**DATA SHOWN**.
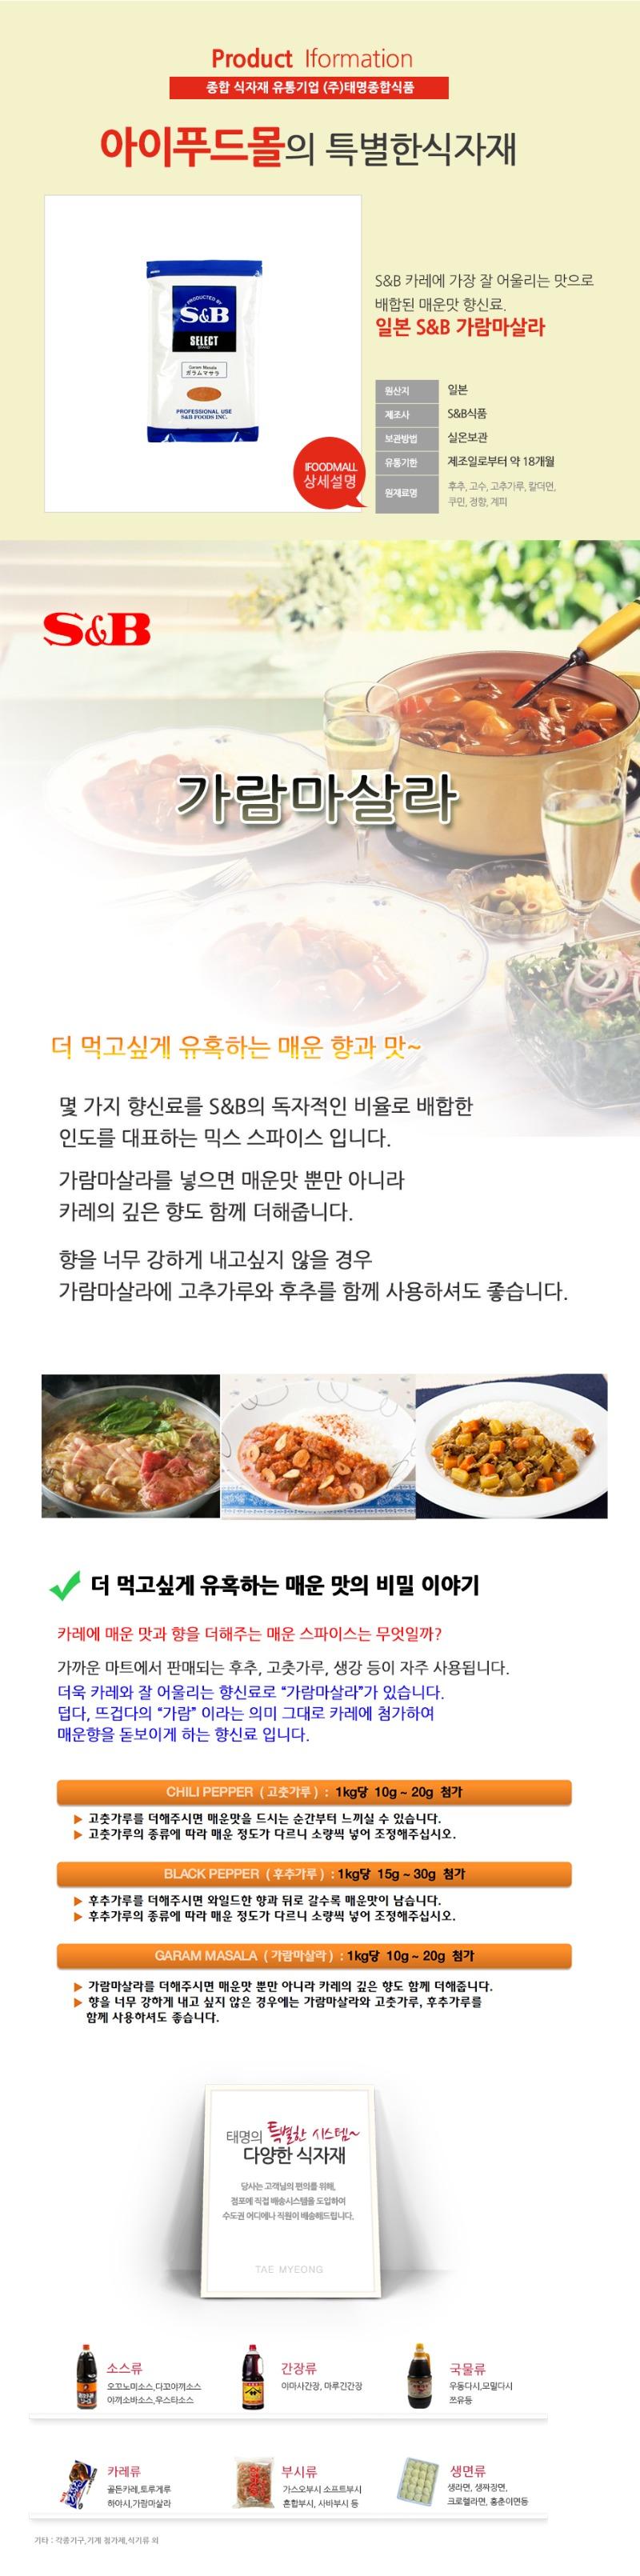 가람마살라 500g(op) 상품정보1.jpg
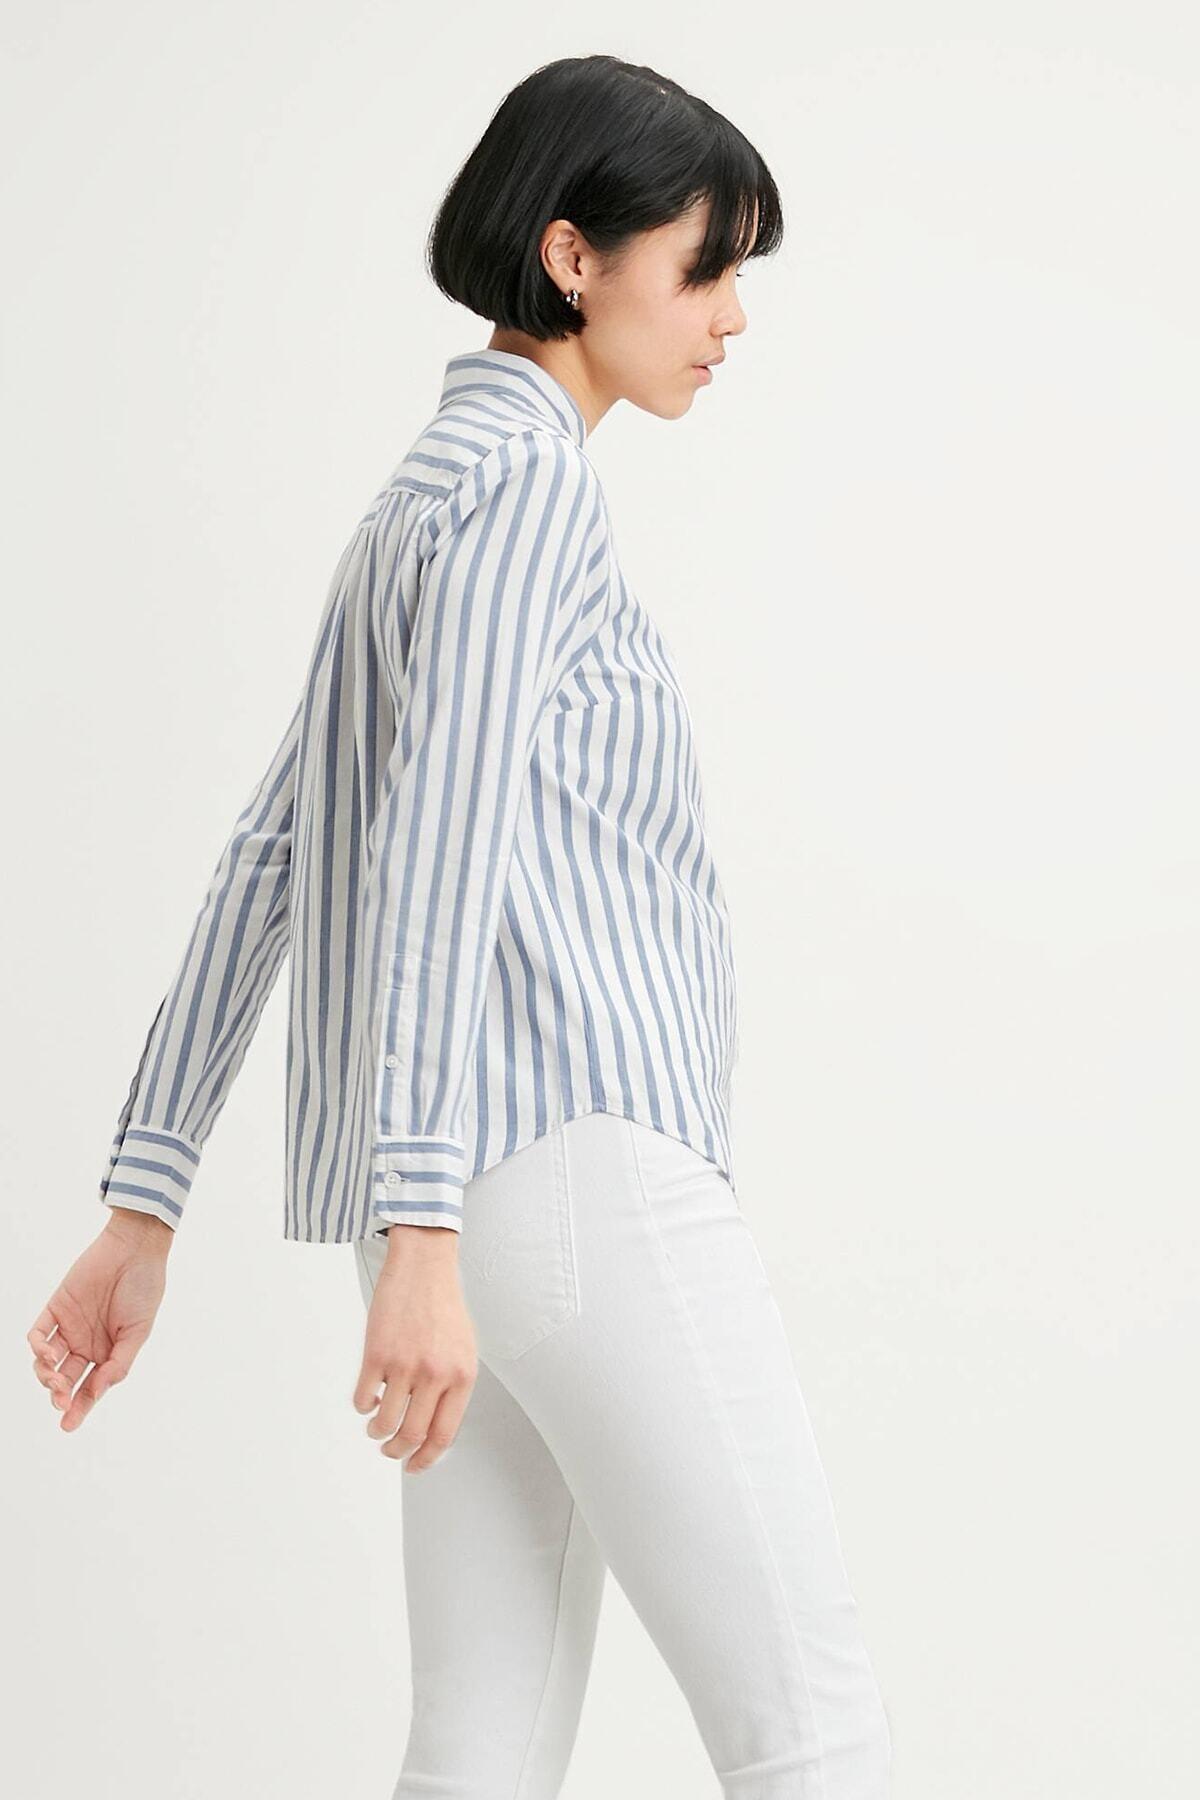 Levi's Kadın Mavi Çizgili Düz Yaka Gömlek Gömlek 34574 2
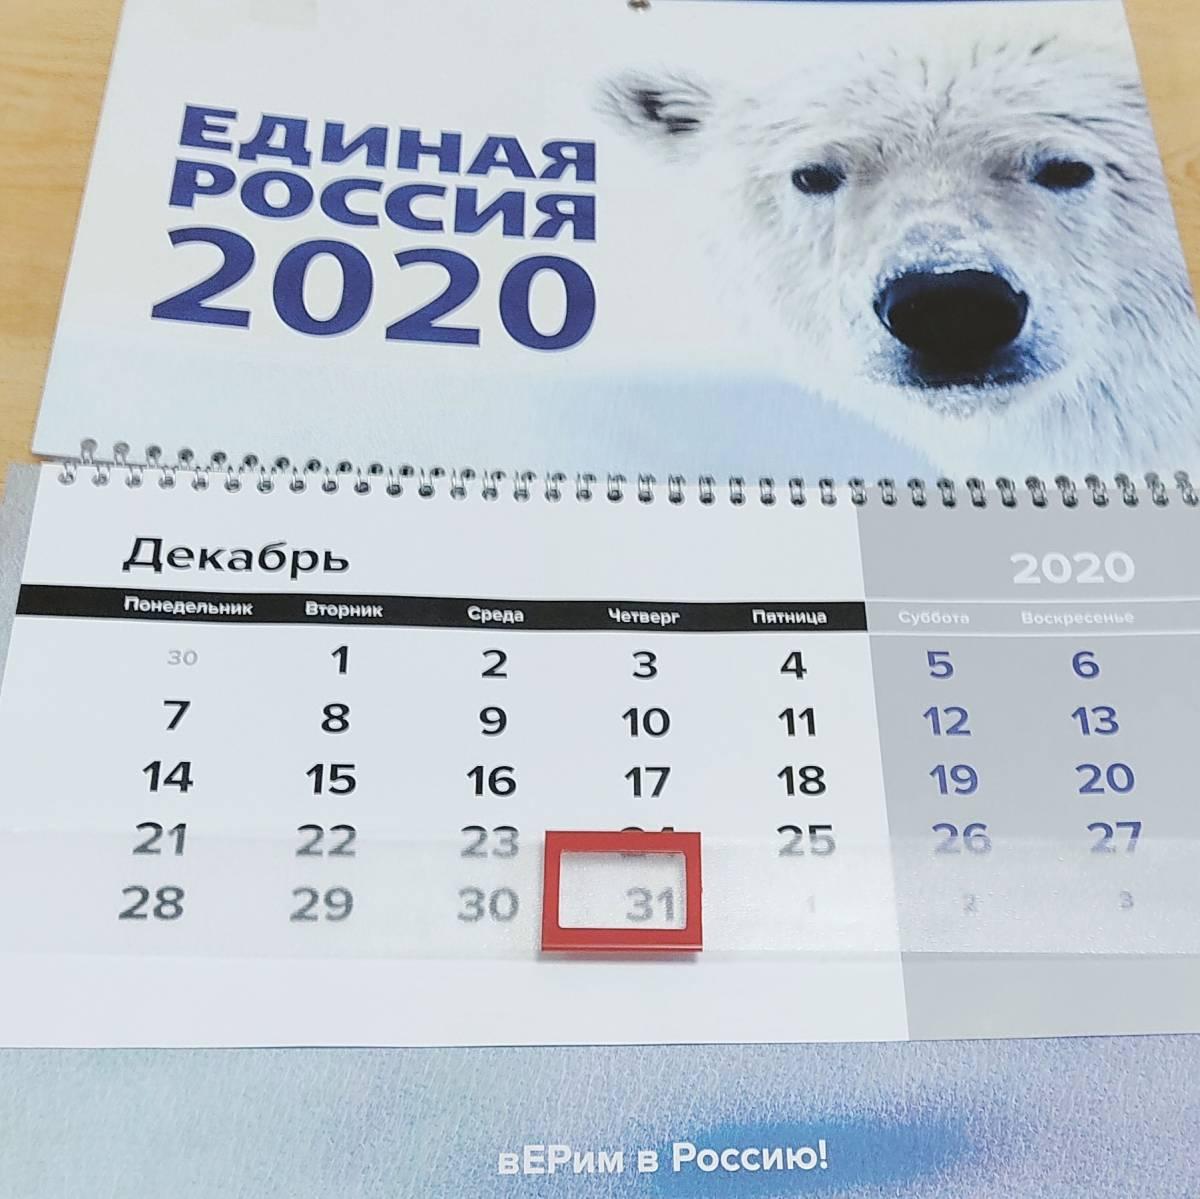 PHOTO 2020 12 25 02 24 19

**TASK ITEM**.
In the printed copy, the material above must appear unchanged and without its pictures.

**EXERCISE RESULT**.
 가람마살라 500g(op) 상품정보1.jpg
 Levi's Kadın Mavi Çizgili Düz Yaka Gömlek Gömlek 34574 2
 PHOTO 2020 12 25 02 24 19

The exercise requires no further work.